False epistemic modesty

There is an article published by unherd that has been making the rounds today, on the danger of overly trusting expertise. Michael Gove approvingly retweeted the article, saying it was ‘in praise of epistemic modesty’. The article itself makes some reasonable enough points about uncertainties in science, problems with economic knowledge and a particularly interesting example of a problem in biology that we will come back to later on. So far, so good. There are plenty of gaps in scientific knowledge, some fields (particularly in the social sciences) where there are big question marks about what kind of knowledge can be obtained, and plenty of reasons not to be overly deferential to the ranks and titles of the academic community.

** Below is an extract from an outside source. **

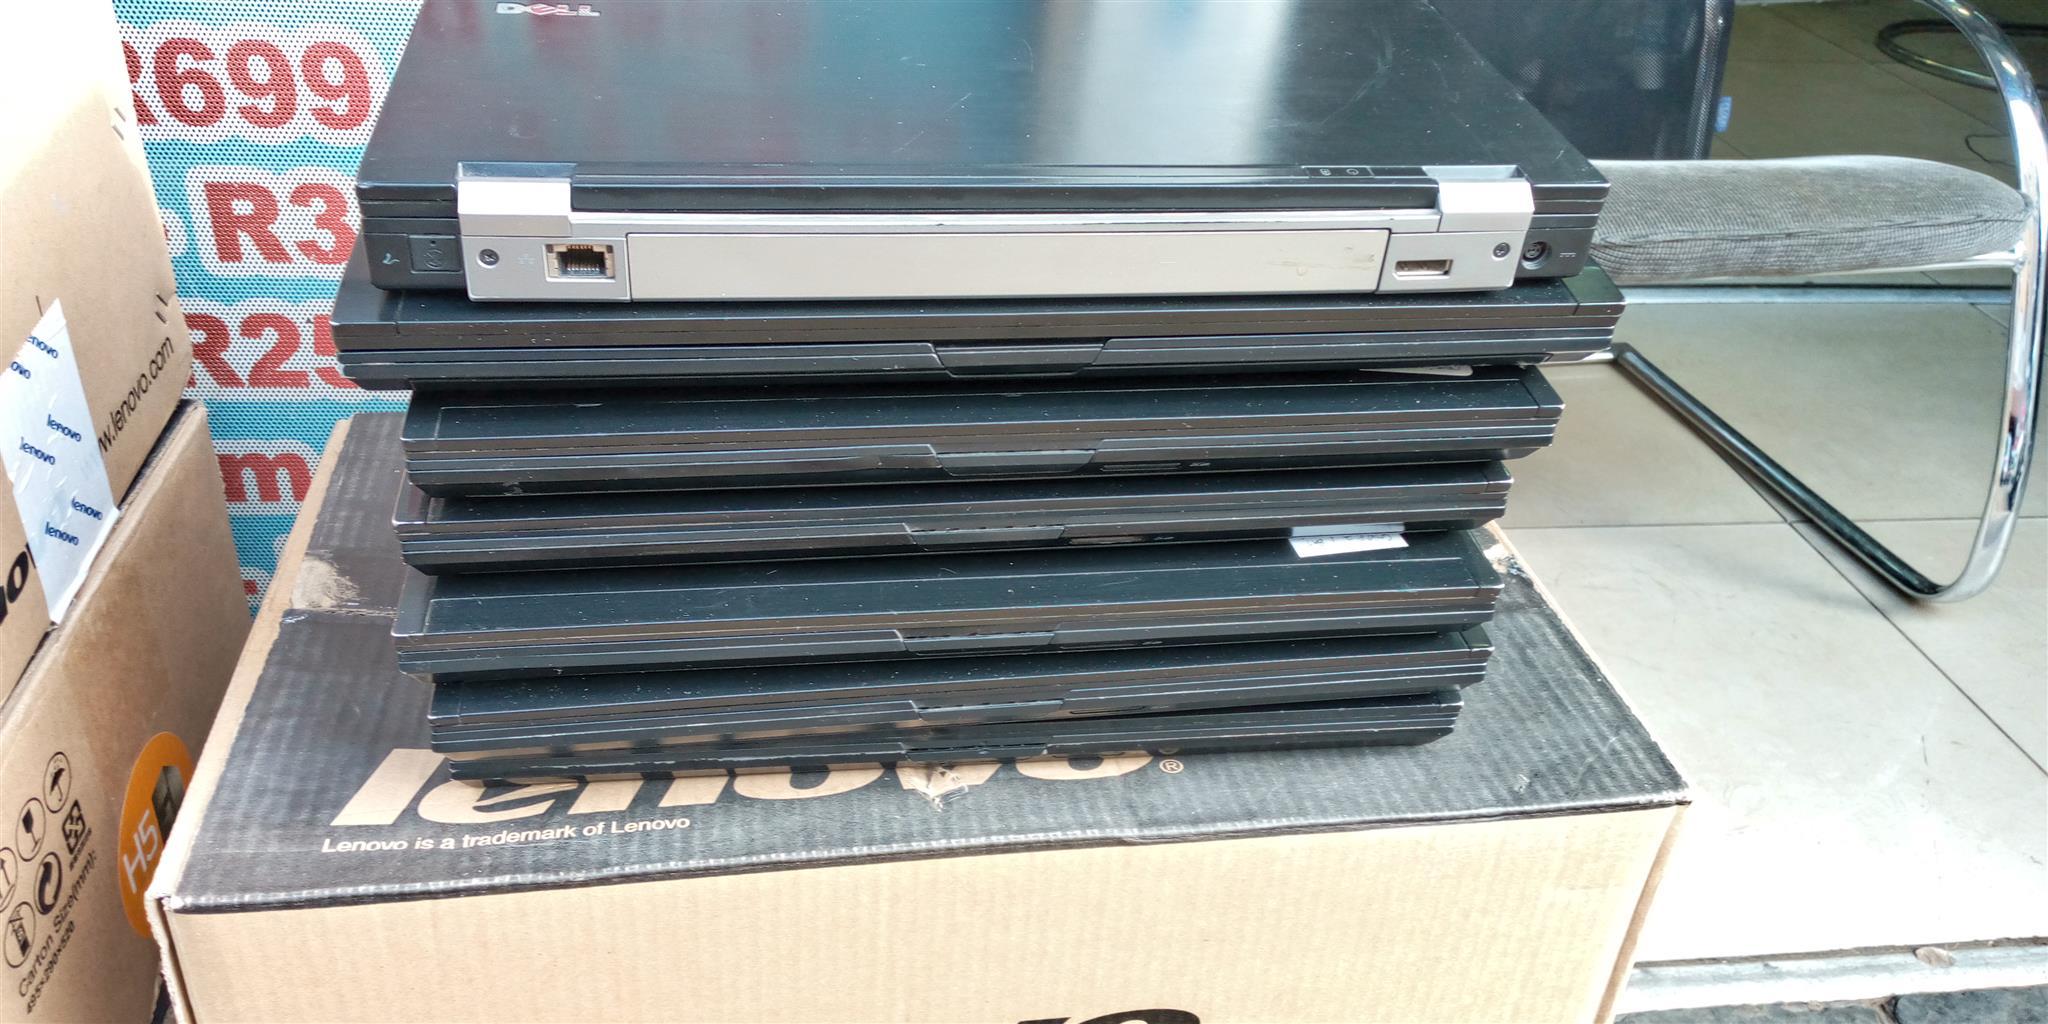 Dell latitude E6400 laptop slim an black with webcam

That isn’t to say that an entirely irreverent attitude to these things is warranted either. The fields of human expertise are so vast and in many cases the subject matter so difficult that we couldn’t do without taking a lot on trust. And we need markers like titles and institutional kudos, consensus (alongside our own background contextual knowledge) to know what claims to take seriously. Suffice to say that how much attention should be given to heterodox thinking is not a straightforward question.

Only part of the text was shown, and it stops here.